*Task details*: Below is a listing; print exactly its lines from the one containing "1080x1920 Jon Snow" down to the one containing "AUSTRALIA - 1941", both inclusive, with every picture left out.

*Listed records*:
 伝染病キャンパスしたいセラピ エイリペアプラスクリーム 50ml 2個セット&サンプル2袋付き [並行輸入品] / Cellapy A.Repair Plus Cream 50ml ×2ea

---

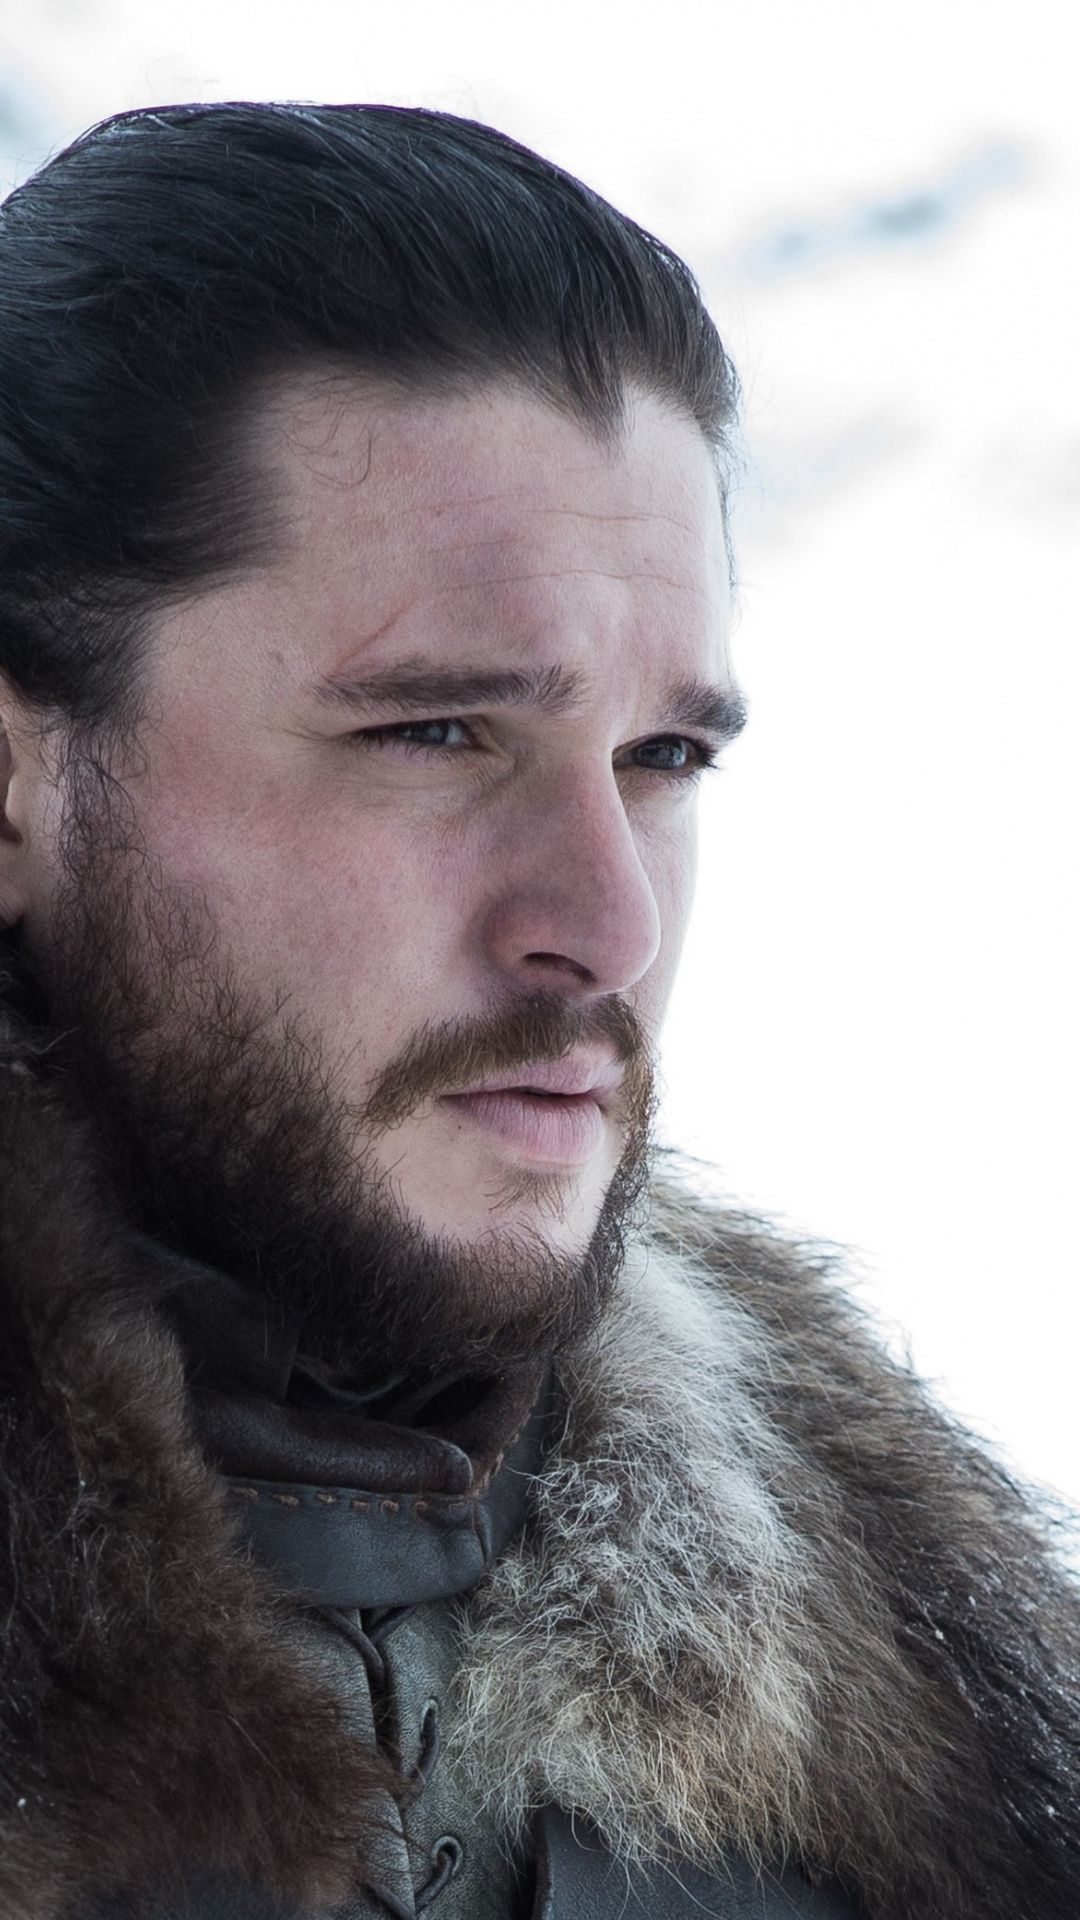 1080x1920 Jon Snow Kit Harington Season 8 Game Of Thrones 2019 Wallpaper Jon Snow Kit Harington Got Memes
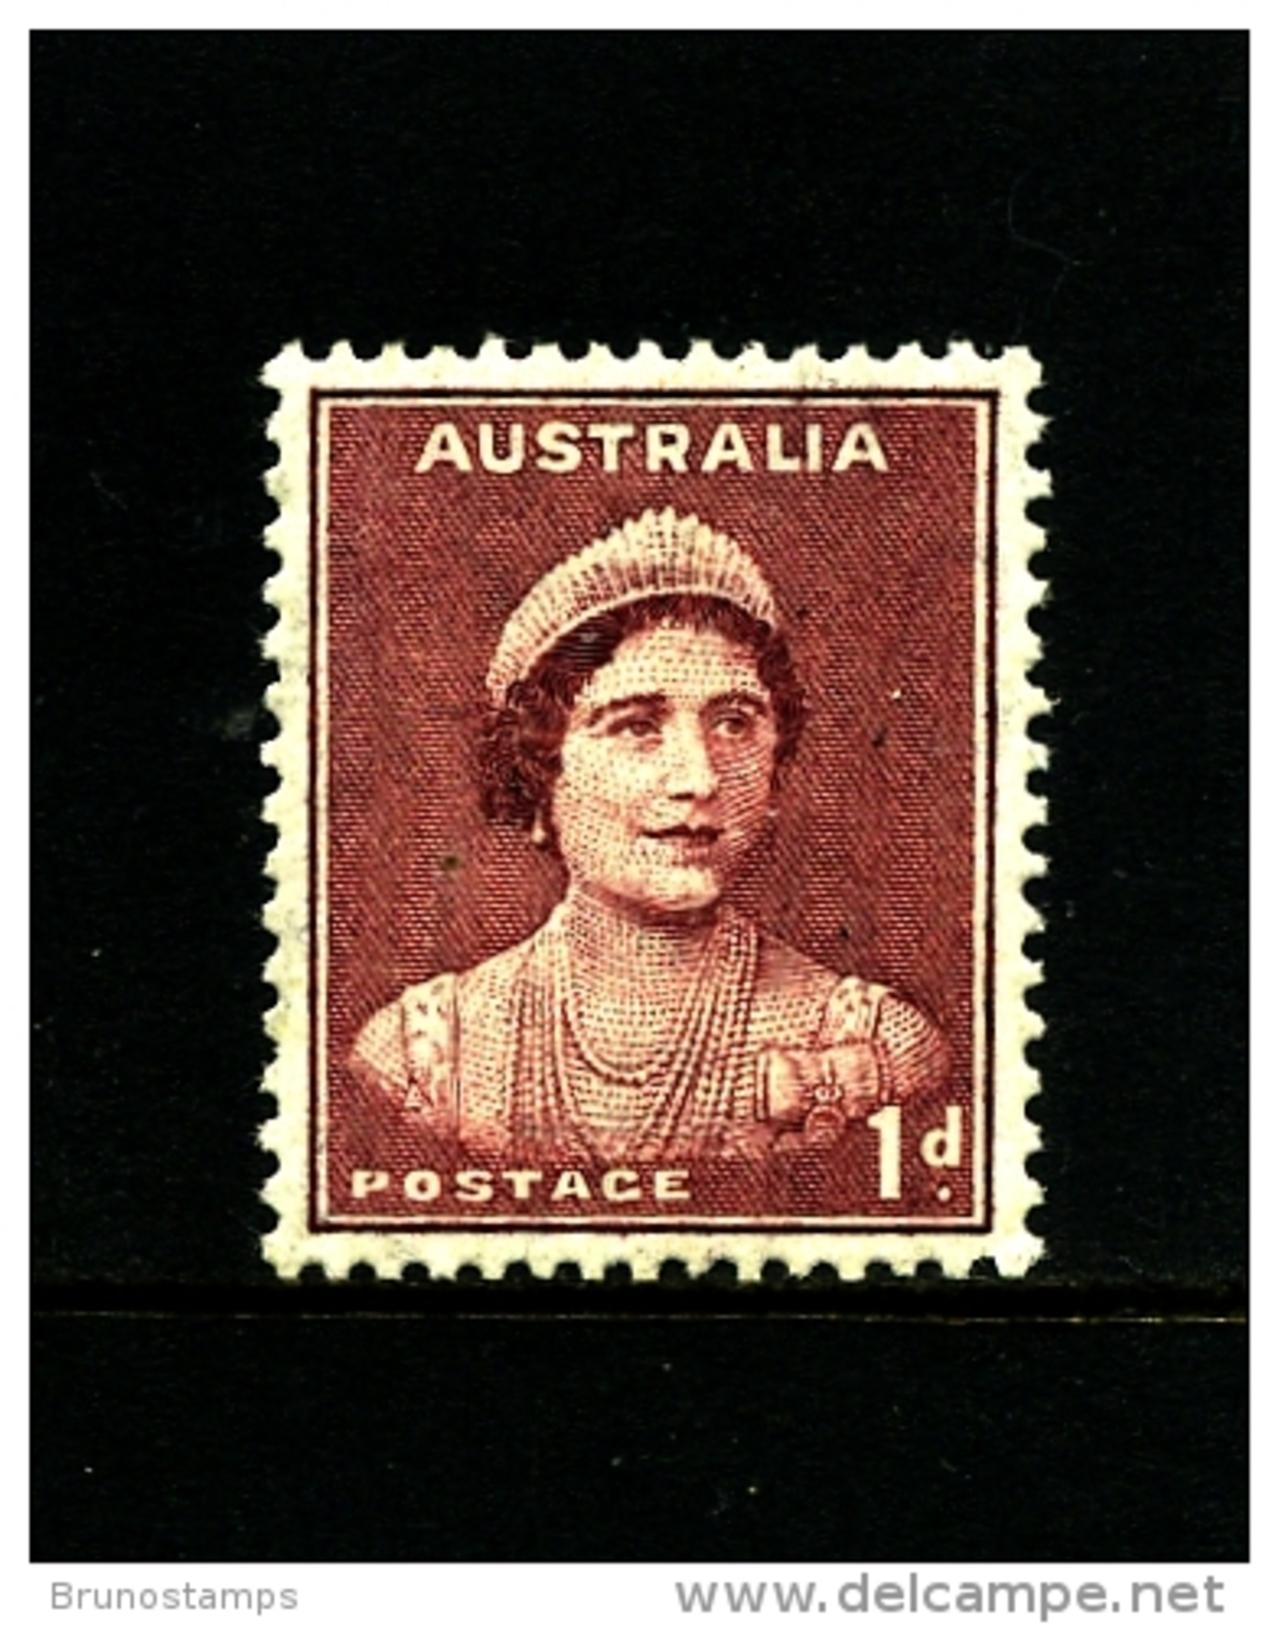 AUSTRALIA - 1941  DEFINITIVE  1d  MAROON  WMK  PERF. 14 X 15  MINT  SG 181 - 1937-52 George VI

*Your solution*:
 1080x1920 Jon Snow Kit Harington Season 8 Game Of Thrones 2019 Wallpaper Jon Snow Kit Harington Got Memes
 AUSTRALIA - 1941  DEFINITIVE  1d  MAROON  WMK  PERF. 14 X 15  MINT  SG 181 - 1937-52 George VI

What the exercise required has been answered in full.